Sir James George Frazer (January 1, 1854, Glasgow, ScotlandMay 7, 1941), was a Scottish social anthropologist influential in the early stages of the modern studies of mythology and comparative religion.

Biography

He studied at the University of Glasgow and Trinity College, Cambridge, where he graduated with honors in Classics (his dissertation would be published years later as The Growth of Plato's Ideal Theory) and remained a Classics Fellow all his life. He went on from Trinity to study law at the Middle Temple and yet never practised. He was four times elected to Trinity's Title Alpha Fellowship, and was associated with the college for most of his life, except for a year, 1907-1908, spent at the University of Liverpool. He was knighted in 1914. He was, if not blind, then severely visually impaired from 1930 on.
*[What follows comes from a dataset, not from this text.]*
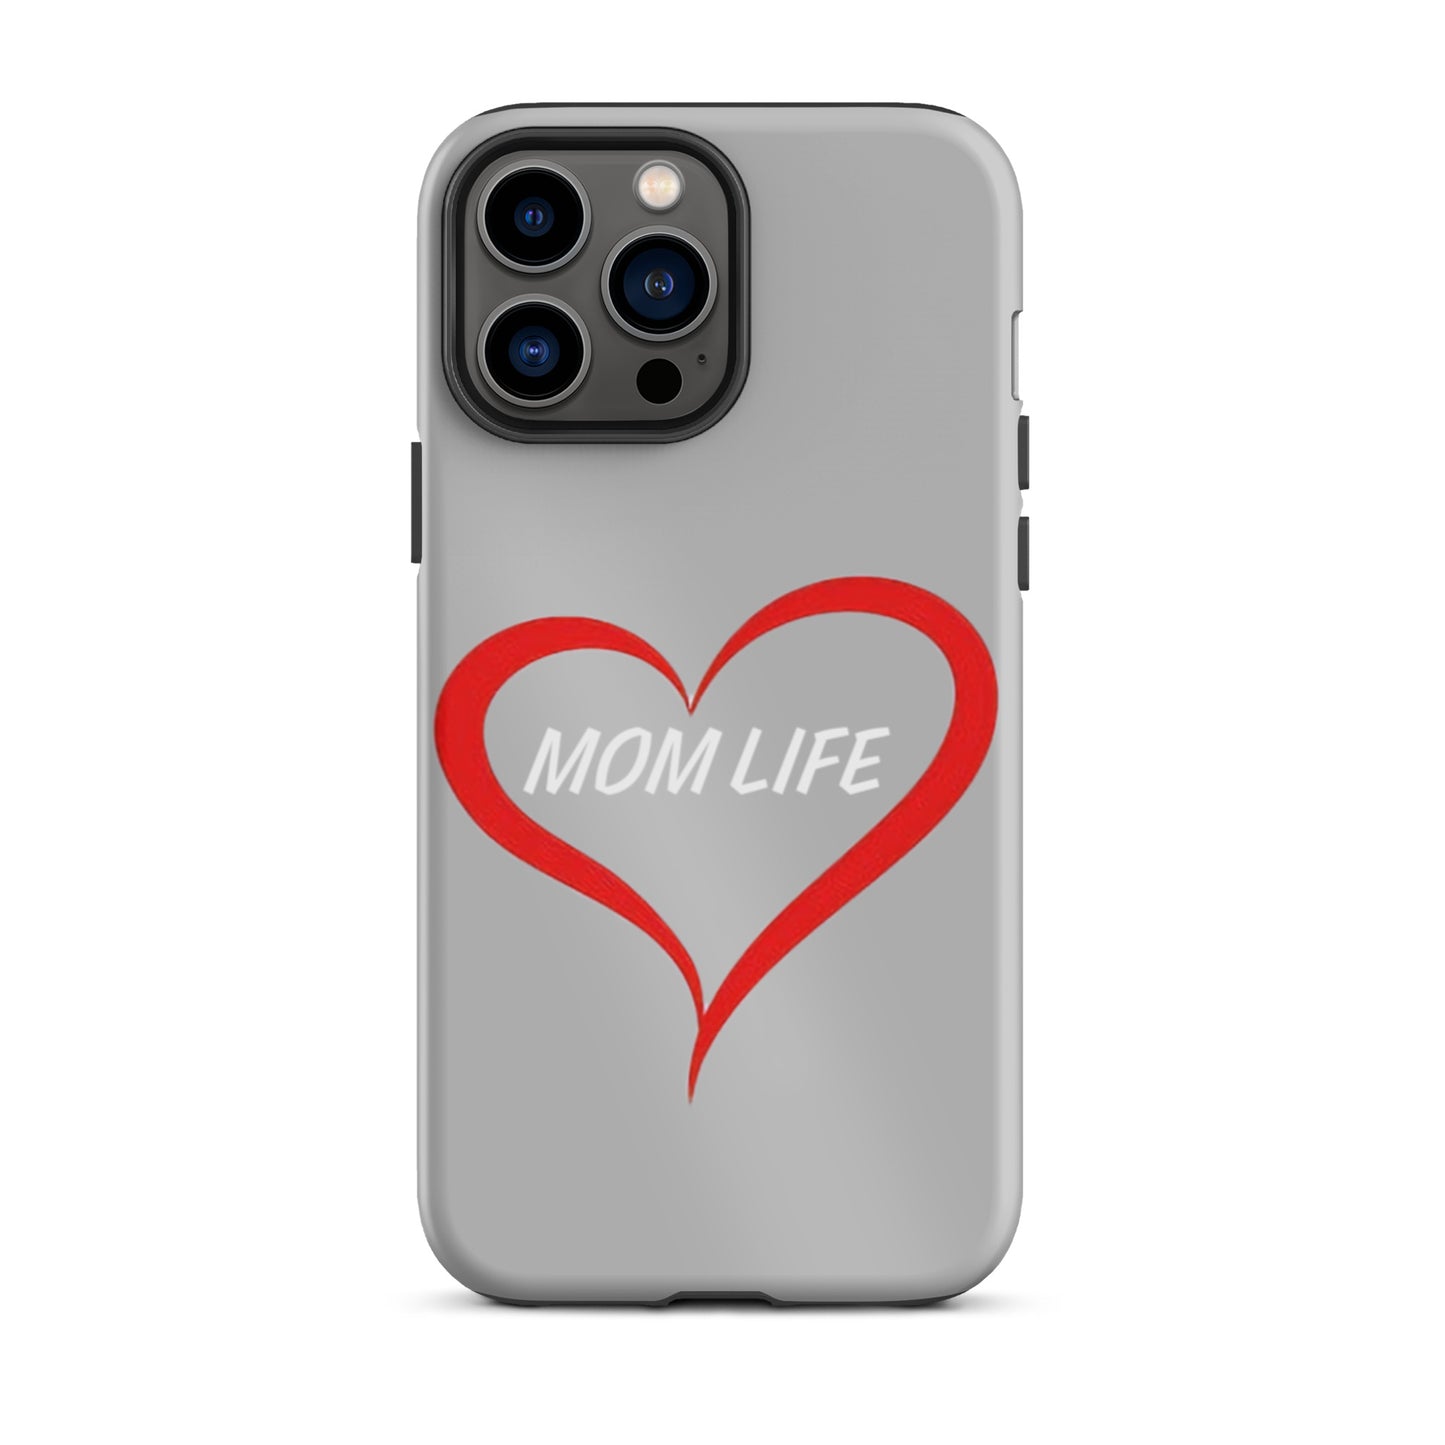 Mom Life iPhone case

The study of myth and religion became his areas of expertise. Except for Italy and Greece, Frazer was not widely travelled. His prime sources of data were ancient histories and questionnaires mailed to missionaries and Imperial officials all over the globe. Frazer's interest in social anthropology was aroused by reading E. B. Tylor's Primitive Culture (1871) and encouraged by his friend, the biblical scholar William Robertson Smith, who was linking the Old Testament with early Hebrew folklore.
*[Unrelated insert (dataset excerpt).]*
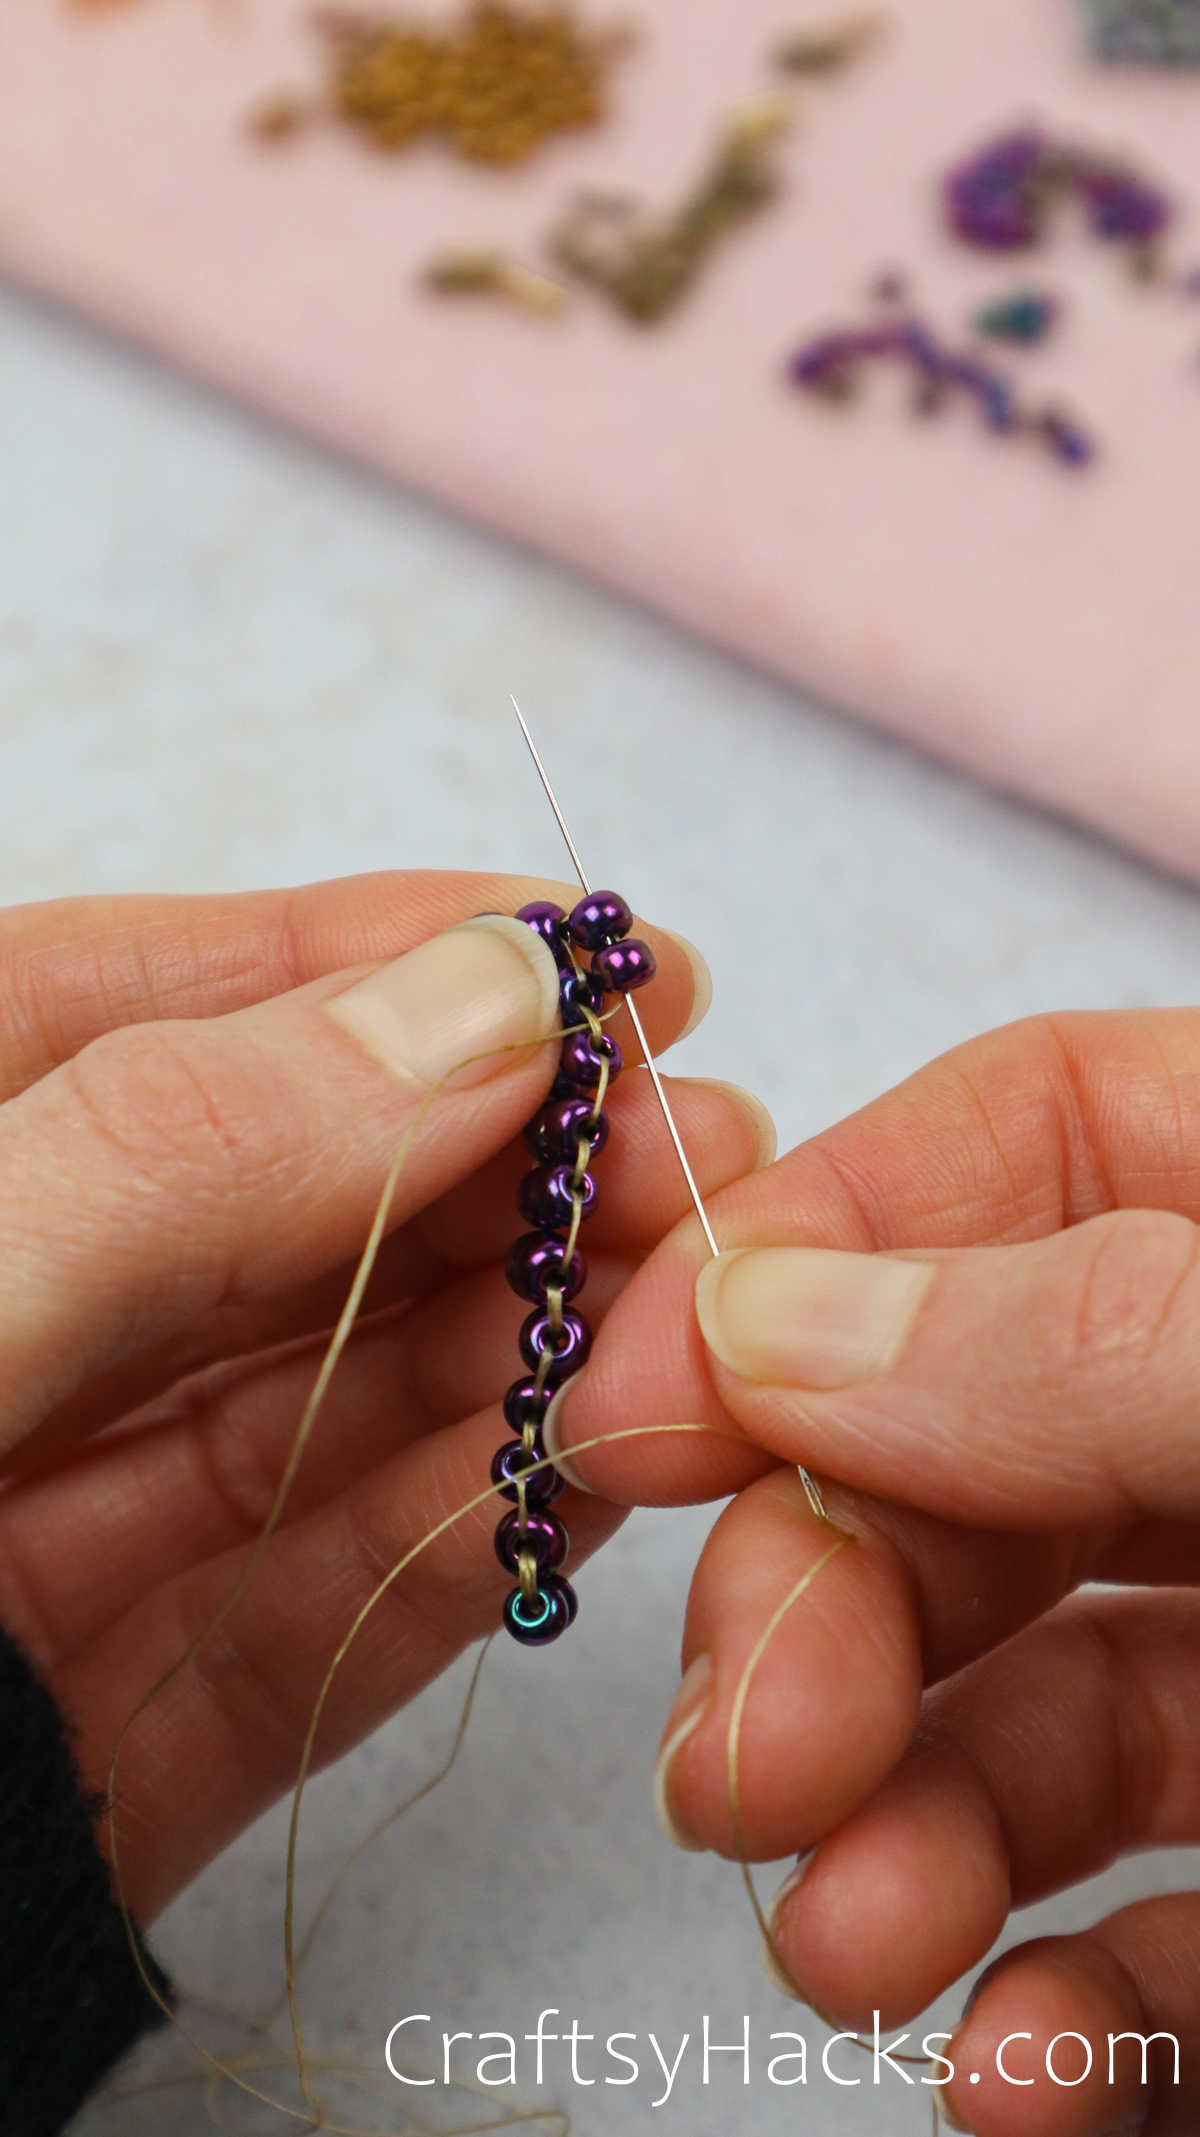 threading more beads to create a diamond shape

Frazer was far from being the first to study religions dispassionately, as a cultural phenomenon rather than from within theology. He was though the first to detail the relations between myths and rituals. His theories of totemism were superseded by Claude Lévi-Strauss and his vision of the annual sacrifice of the Year King has not been borne out by field studies. His generation's choice of Darwinian evolution as a social paradigm, interpreted by Frazer as three rising stages of human progress -- magic giving rise to religion, then culminating in science -- has not proved valid. Yet The Golden Bough, his study of ancient cults, rites, and myths, including their parallels with early Christianity, arguably his greatest work, is still rifled by modern mythographers for its detailed information. Notably, The Golden Bough influenced René Girard; and led him to study anthropology to develop his mimesis theory of the scapegoat. The work's influence spilled well over the conventional bounds of academia, however; the symbolic cycle of life, death and rebirth which Frazer divined behind myths of all pedigrees captivated a whole generation of artists and poets. Perhaps the most notable product of this fascination is T. S. Eliot's The Waste Land.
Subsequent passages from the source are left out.